A Microscopic Traffic Model to Investigate the Effect of Connected Autonomous Vehicles at Bottlenecks and the Impact of Cyberattacks

Bottlenecks reduce both traffic safety and efficiency, resulting in congestion and collisions. The introduction of connected autonomous vehicles (CAVs) has had a significant impact on road networks and can improve traffic efficiency at bottlenecks. This paper proposes a microscopic traffic model to investigate CAV behavior at bottlenecks and examine the effect of cyberattacks. The model is developed using data collected from a roadside sensor node. It is implemented in MATLAB using the Euler scheme to simulate a platoon of vehicles on a circular road of length 1 km. The performance is compared with the intelligent driver (ID) model. The results obtained indicate that the road capacity with the proposed model is 1.4 times higher than with the ID model. Further, the proposed model results in nearly constant speeds with small variations, which is realistic.

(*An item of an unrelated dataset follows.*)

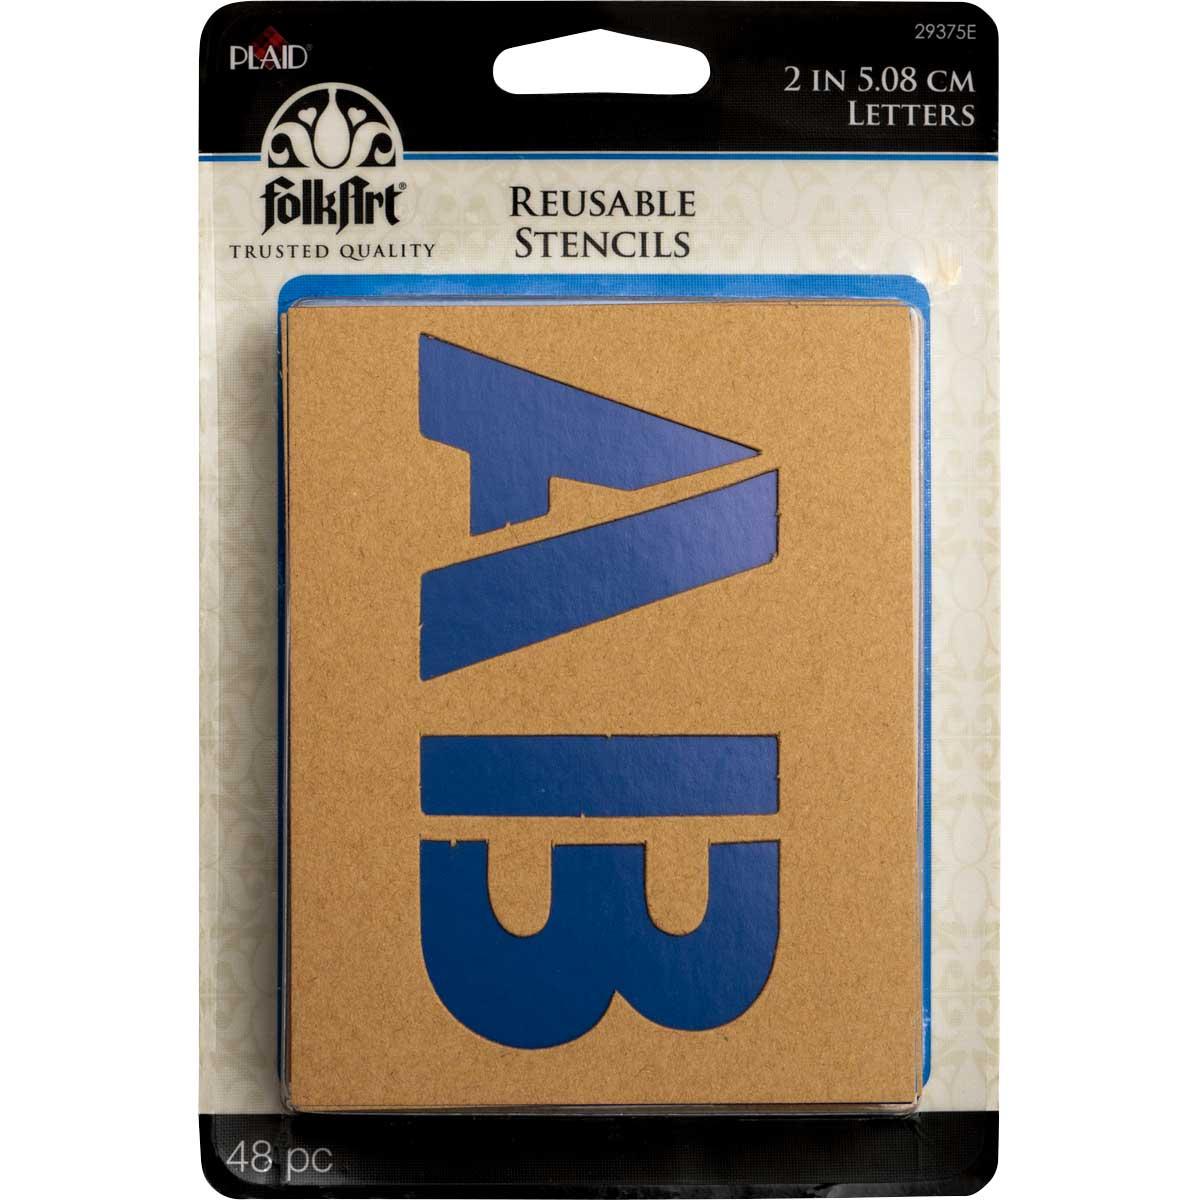 Plaid ® Stencils - Value Packs - Letter Stencils - Plain Jane, 2

Conversely, the ID model produces large speed variations that are unrealistic. In addition, the proposed model results in less acceleration and deceleration, which leads to lower vehicle emissions and pollution. The efficiency is better than with the ID model due to CAV communication and coordination, so queues dissipate faster. The traffic flow with the proposed model increases as the density decreases, which is consistent with traffic dynamics. It is also shown that the proposed model can characterize CAV behavior under cyberattacks that cause disruptions in the data. Thus, it can be employed for traffic control and forecasting when bottleneck conditions exist and there is malicious behavior.